# Cichlid tankmates with german rams?



## gutted (Mar 7, 2012)

I have a 75g (48x18) with 9 ram cichlids (4 german blue & 5 gold) and I need suggestions for possible cichlid tankmates. I was possibly thinking of a rainbow cichlid, some kind of geophagus or apistogramma agassizi or borelli. If all else fails I can always do angelfish. My tank is 82F, 7.2 PH and hard Chicago water. Ill have to recheck the water to get the exact number but its pretty hard.


----------



## irondan (Nov 22, 2007)

you could try keyhole cichlids
http://badmanstropicalfish.com/profiles/profile64.html


----------



## DeadFishFloating (Oct 9, 2007)

Most dwarf cichlids don't like hard water. Personally I'd wait and see how your Blue and Gold rams go for a couple of months before thinking about adding any other dwarves. No reason to buy more dwarves only to see them all die over time as they don't like the water.


----------



## RayQ (Sep 26, 2007)

Good call DFF. Also, the Rams will be a lot more timid than a Rainbow or most of the Geophagus, you will likely find the Rams are hiding most of the time.


----------



## BelieveInBlue (Jul 17, 2011)

9 rams in a 4 foot tank already seems like a bit much, especially once they pair off... Angels or discus might work, but I'd steer clear of bottom dwelling dwarves...


----------



## gutted (Mar 7, 2012)

irondan said:


> you could try keyhole cichlids
> http://badmanstropicalfish.com/profiles/profile64.html


Nice suggestion! Ill do some research on them.



DeadFishFloating said:


> Most dwarf cichlids don't like hard water. Personally I'd wait and see how your Blue and Gold rams go for a couple of months before thinking about adding any other dwarves. No reason to buy more dwarves only to see them all die over time as they don't like the water.


I picked up the german blues from a local breeder who keeps them in hard water and the gold ones came from a breeder in vegas who keeps them in hard water as well.



RayQ said:


> Good call DFF. Also, the Rams will be a lot more timid than a Rainbow or most of the Geophagus, you will likely find the Rams are hiding most of the time.

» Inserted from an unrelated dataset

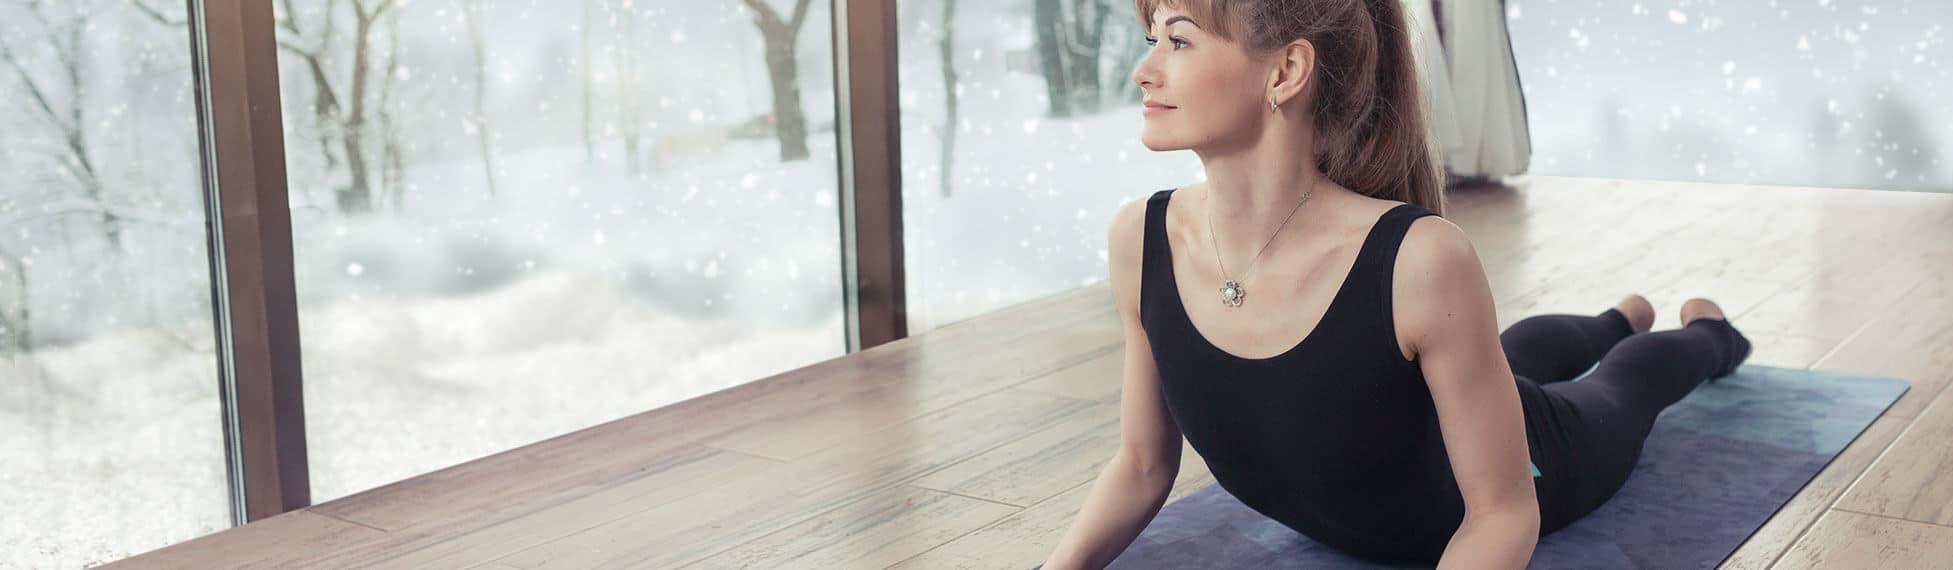 Ein sportliche Frau liegt auf der Matte, geht ins Hohlkreuz und schaut aus dem komplett verglasten Raum heraus auf eine im Schneefall versunkenen Wald

Ok. I guess Ill scratch those 2 off the list.



BelieveInBlue said:


> 9 rams in a 4 foot tank already seems like a bit much, especially once they pair off... Angels or discus might work, but I'd steer clear of bottom dwelling dwarves...


Right now theyre still pretty small. The 2 male german blues are maybe 1.25" and the female german blues and gold rams are .75"-1". I may move a pair or 2 to their own tank if I try my hand at breeding. And/or I may sell some of the gold rams keeping the best pair I like.

Thanks guys for all the input! Keep them coming!


----------



## neutrino (May 4, 2007)

I've had them with angels, discus, curviceps, rainbowfish (not rainbow cichlids), one or two festivum, a variety of tetras, farowella... and those are just what I can recall, I'm sure there were others. Never kept as many as 9 in a tank, though, so can't comment on that... also kept them with apistos, but it was more like 2 or 3 rams plus 2 or 3 apistos-- and lots of plants (this was in a 75).


----------



## gutted (Mar 7, 2012)

neutrino said:


> I've had them with angels, discus, curviceps, rainbowfish (not rainbow cichlids), one or two festivum, a variety of tetras, farowella... and those are just what I can recall, I'm sure there were others. Never kept as many as 9 in a tank, though, so can't comment on that... also kept them with apistos, but it was more like 2 or 3 rams plus 2 or 3 apistos-- and lots of plants (this was in a 75).


i'm starting to like how the curviceps. what kind of apisto did you have?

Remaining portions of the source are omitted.